А теперь он сидит перед ней, ощупывая цепким взглядом холодных синих глаз. Спокойный, равнодушный. Тогда как у нее ураган внутри такой силы, что готов снести полгорода. И сил сдерживаться не осталось. Как и верить.

— Нет, — протянула Марина, отступая. — Я тебе не верю. Нет. Лешка Костромин умер. Его больше нет. Ты — не он. Не он.

А он усмехнулся понимающе и ударил по самому чувствительному, уязвимому месту. Нашел брешь в ее каменной стене, воздвигаемой столько лет. Разобрал по камешку каждым выверенным словом. Рассыпал, как карточный домик, выставив напоказ ее душу. Ту, что казалась выжженным полем. Грейдером проехался по ней, оставляя кровавые полосы.

— Мы хотели обвенчаться, — сухо, как будто документальную хронику пересказывал, — в церквушке в маленьком городке Каменка.

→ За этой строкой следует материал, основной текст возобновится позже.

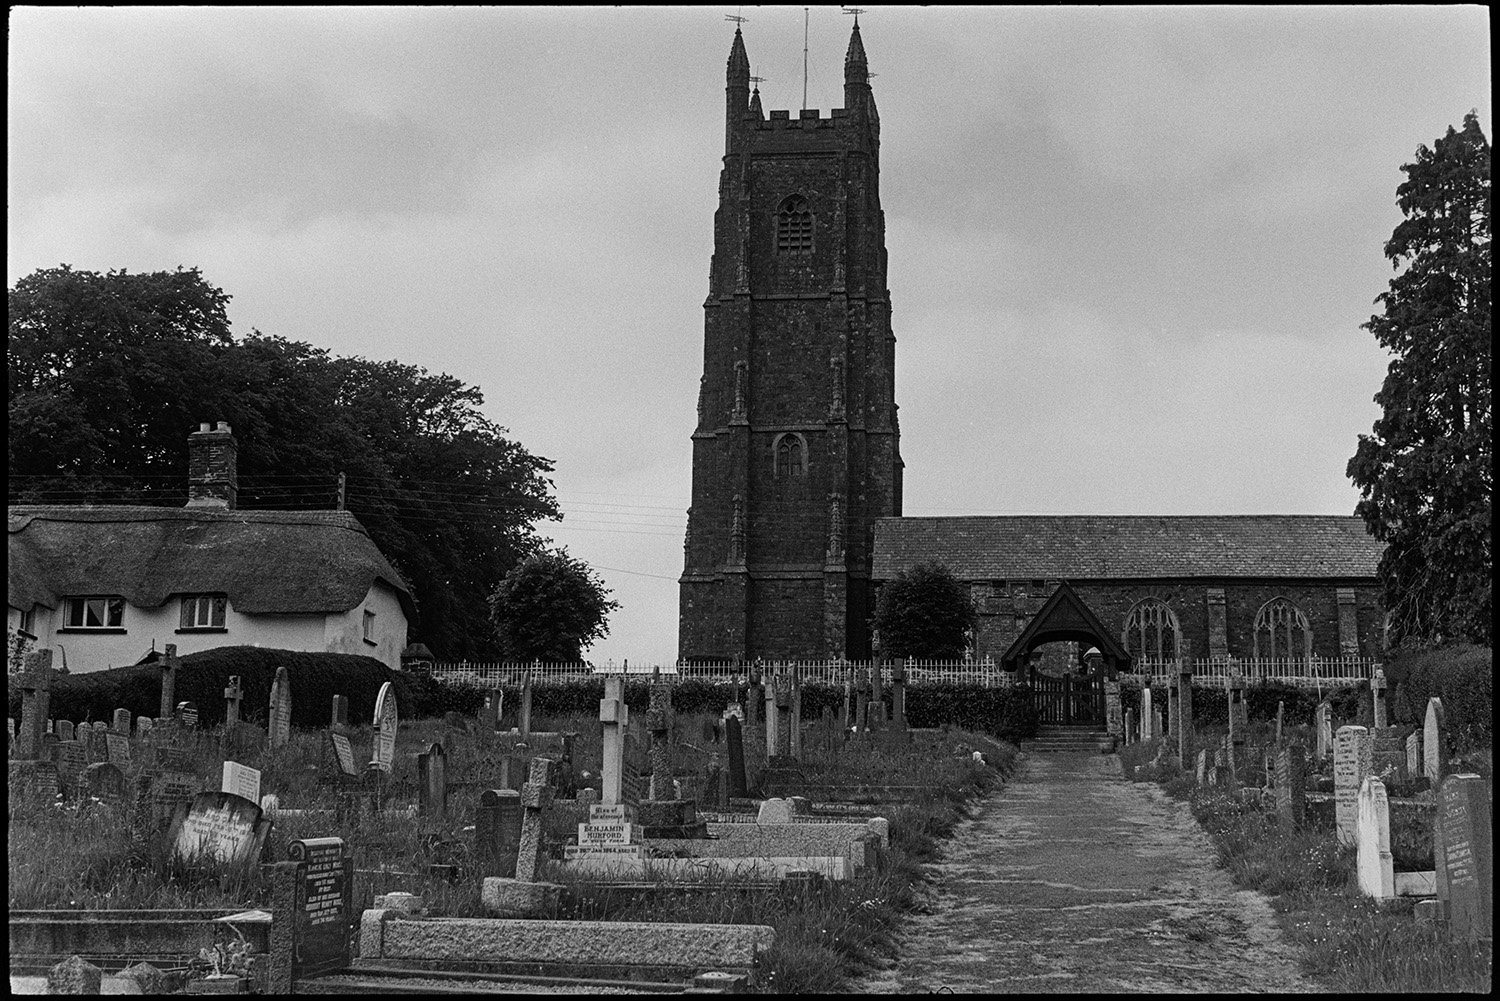 Street scenes with people and cars.
[A view of the church path with gravestones running up to Chulmleigh church and a thatched cottage, in Chulmleigh.]

Мы даже ездили туда, с отцом Николаем познакомились, — он говорил, а Марина не дышала почти. Губу закусила, кулаки сжала, из последних сил сдерживая слезы. Она целую вечность не плакала и сейчас не станет. Не перед ним. Не перед его любовницей. — Он нам свой приход показывал, помнишь?

Она молчала, а он и не ждал ответа.

— Помнишь, — поднялся, тяжело опираясь на трость. — И я помню, Марина. Белое кружево подвенечного платья, колечко с бирюзой и как мы билеты покупали, как дату обсуждали. И как решили у отца Николая и поселиться — ему работящая и семейная молодежь нужна была, особенно врачи. И как я ждал тебя на вокзале, а ты так и не пришла, — он остановился совсем близко, почти вжав ее в стену. И говорил, говорил. Никто не знал этого, только она и ее Лешка.

— Нет, я… — она зажала ладошкой рот, не позволяя словам вырваться на свободу. Она не должна вспоминать это. Не должна облекать в слова, потому что это все разрушит. Всю ее жизнь. И вернет обратно на ее персональную точку отсчета: к его квартире и рыжей голой девице в его постели. Но и молчать больше не могла — слишком долго это мучило ее, став той самой направляющей, определившей ее судьбу. — Я пришла, Лешка. К тебе пришла, — горечь растекалась по венам, отравляла. — С вещами.

Он нахмурился, удивленный ее словами. Неужели думал, она не знает? Неужели решил, что сможет ее обвинить во всем? Нет! Она давно никому не позволяет собой помыкать. И ему не позволит сделать из нее девочку для битья.

Вздернула подбородок, с вызовом встречая его настороженный взгляд.

— Я пришла, Лешка, и нашла в твоей постели ее.

И кивком головы указала на замершую за столом каменным изваянием рыжую тварь.


Он проследил ее взгляд, поймав растерянный своей подружки. Та побледнела еще больше, кажется. И сидела совершенно одна: ни Корзина, ни дружков Туманова, ни юриста. Даже Айя с Павлом ушли. Ни души, кроме них троих. Куда все подевались, что Марина и не заметила? Неужели так провалилась в прошлое, что выпала из реальности? Какой кошмар. Так себя отпустить — непростительно.

Снова вляпаться в дерьмо под названием “любовь” хуже смерти, даже если эта любовь лишь отголосок прошлого. Она должна держать себя в руках. И не отступать от своих правил: никому не позволять манипулировать собой. Даже собственным эмоциям, особенно эмоциям. Они мешают здраво мыслить и видеть в людях главное, а не то, что они хотят, чтобы видели в них.